Forged by Satan's Doctrine
posted on 8/2012 By:
I must admit that I approached this album with great enthusiasm and moderate stupidity, because, before I heard a single note of the actual music, King’s debut full-length, Forged by Satan’s Doctrine, seemed to tick all the right boxes: a Colombian black/death quartet that declares to “Kill the Posers Like Christians” (yep, that’s an actual song title), rips off Dark Funeral in the cover art department and dechristens its members with such noms de guerre as Israel Bathroz Sathanas Lucifer and Zarthan Avtomat Kalashnikova. This potpourri of lovable clichés had me expecting nothing less than a full blown, Goatpenis-y Latin American blasphemous madness that makes you want to ram your head through a reinforced tungsten plate in glorious headbanging frenzy. I expected this to be the kind of unholy racket that would show all those left-hand-path-is-an-intellectual-exercise types what it’s really like to be possessed by the devil. Most importantly, I desperately wanted this to be fucking awesome.
Alas, I did not get exactly what I was bargaining for.
Granted, Forged by Satan’s Doctrine is heavy, unrelenting and even menacing at times, but not entirely in the way one would prefer. Instead of following the genre’s charcoal black-clad mainstream that leans on an impenetrable wall of down-tuned guitars, slow-to-mid tempo barraging and skulls-and-spikes aesthetics (think of such bands as Teitanblood, Pseudogod, Witchrist and Diocletian), King steers their vessel into a slightly different direction by putting the stress on the "death" syllable. And, most surprisingly, their death metal − rather than hanging onto the more obvious influences − harkens back to the more controlled and even technical approach of old-school NYDM, which, together with the blackened hue that sweeps across the album, makes the whole ordeal sound an awful lot like the almighty Krisiun.
However, at their current level, King is merely a shadow of the foul-mouthed Brazilian maestros. Frankly speaking, Forged by Satan’s Doctrine has – apart from the downright jaw-dropping bass guitar that sometimes jumps at the center of the stage as the lead instrument – nothing that truly stands out.

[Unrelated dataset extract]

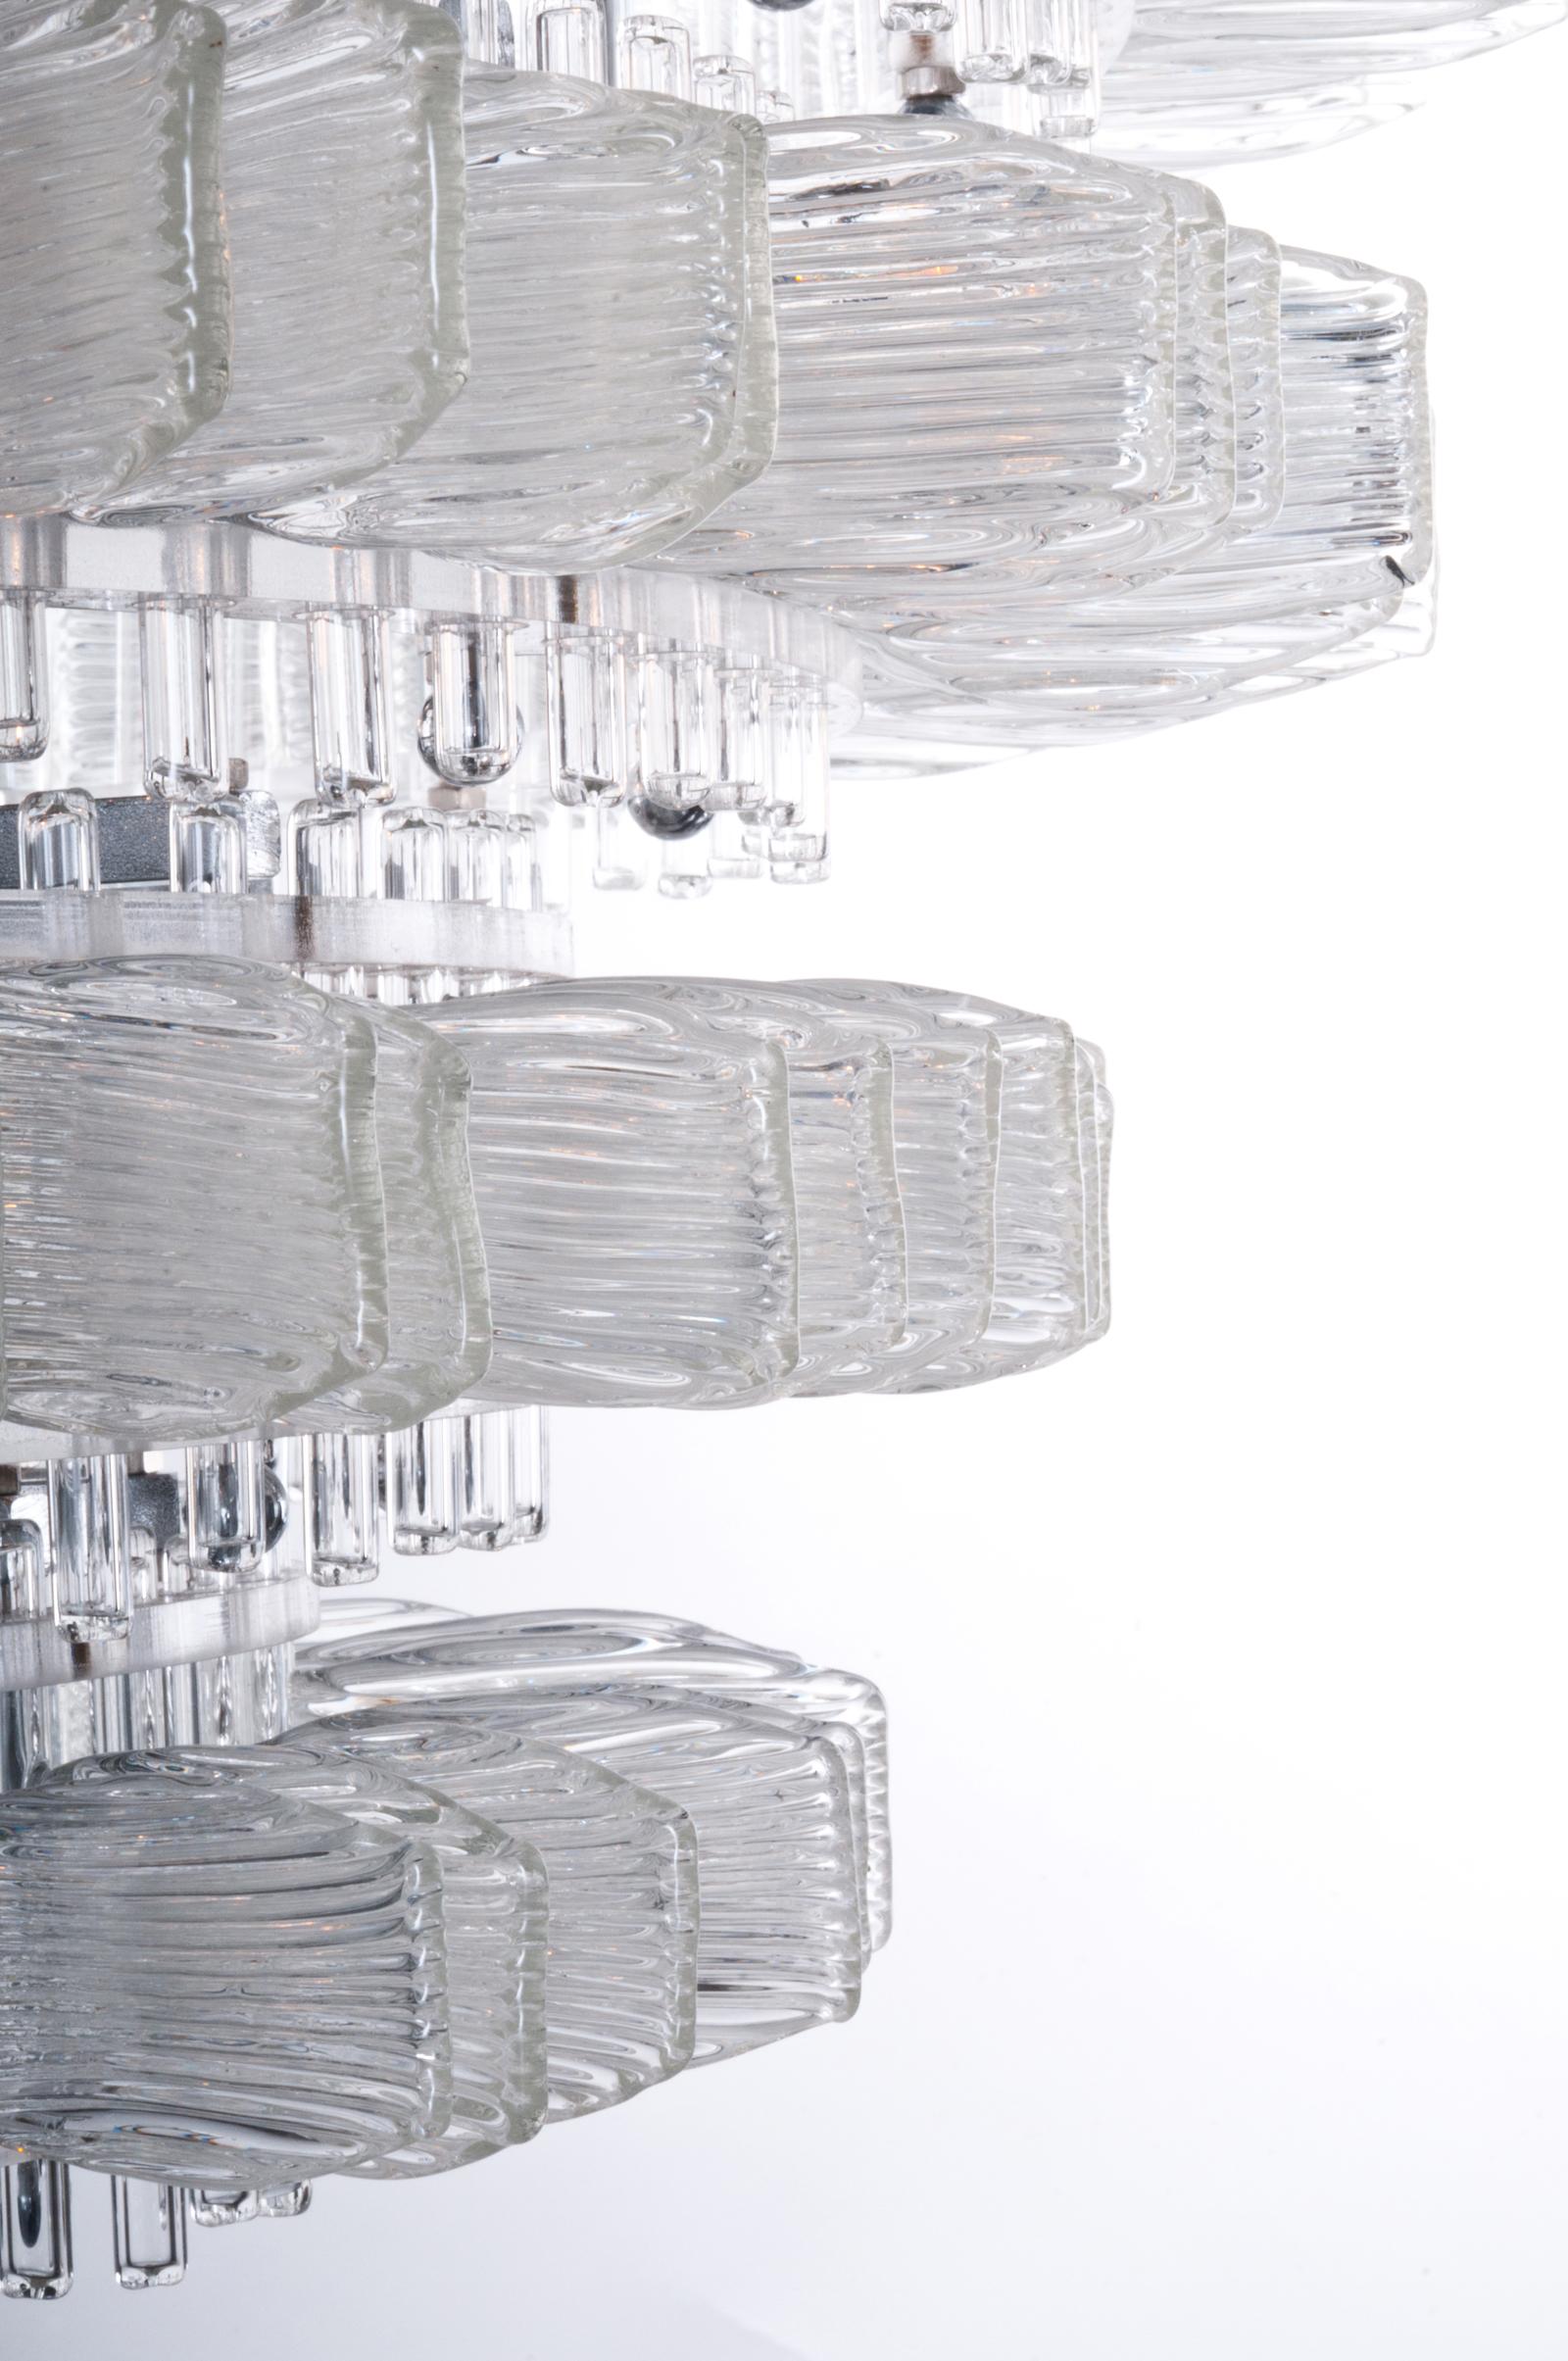 anemone-plafonnier-ceiling-veronese-tal-lancman-maurizio-galante-141.jpg

The album kicks off with a suitably haunting, cinematic intro piece, “Summon Shub-Niggurath Ye Black”, where shambling, occult chants hang above ethnic percussions, setting the scene for the first display of the band’s cheesy, ultra-satanic schtick. Indeed, the second track, “No Pray, No Mercy, Just Death (Unpromised Satan)” is pretty much what the title promises: beefy yet derivative Suffocation-styled riffage topped with short flurries of sinister lead melody and an occasional pinch-harmonic, twin vocal attack that ranges between low gurgles and screechy rasps spitting out unholy profanity after unholy profanity and, as the rotten cherry on top, horribly boxy sounding drums that, admittedly, do a pretty good job at enveloping the riffs with nice, groovy blasts. And that’s pretty much the whole record in a nutshell. A few of the songs show an attempt to break away from the confines of King’s playbook (for example, the melodeath-like opening riff and breakdown-y mid-section in “When the Walls of Heaven Turn in Black” or the infectious gang vocal exchange of “Macabre Satanas”), but those moments are only rare glimpses of inspiration in the midst of otherwise flat compositions. There’s just no escaping the fact that Forged by Satan’s Doctrine is a second-tier offering from a second-tier band.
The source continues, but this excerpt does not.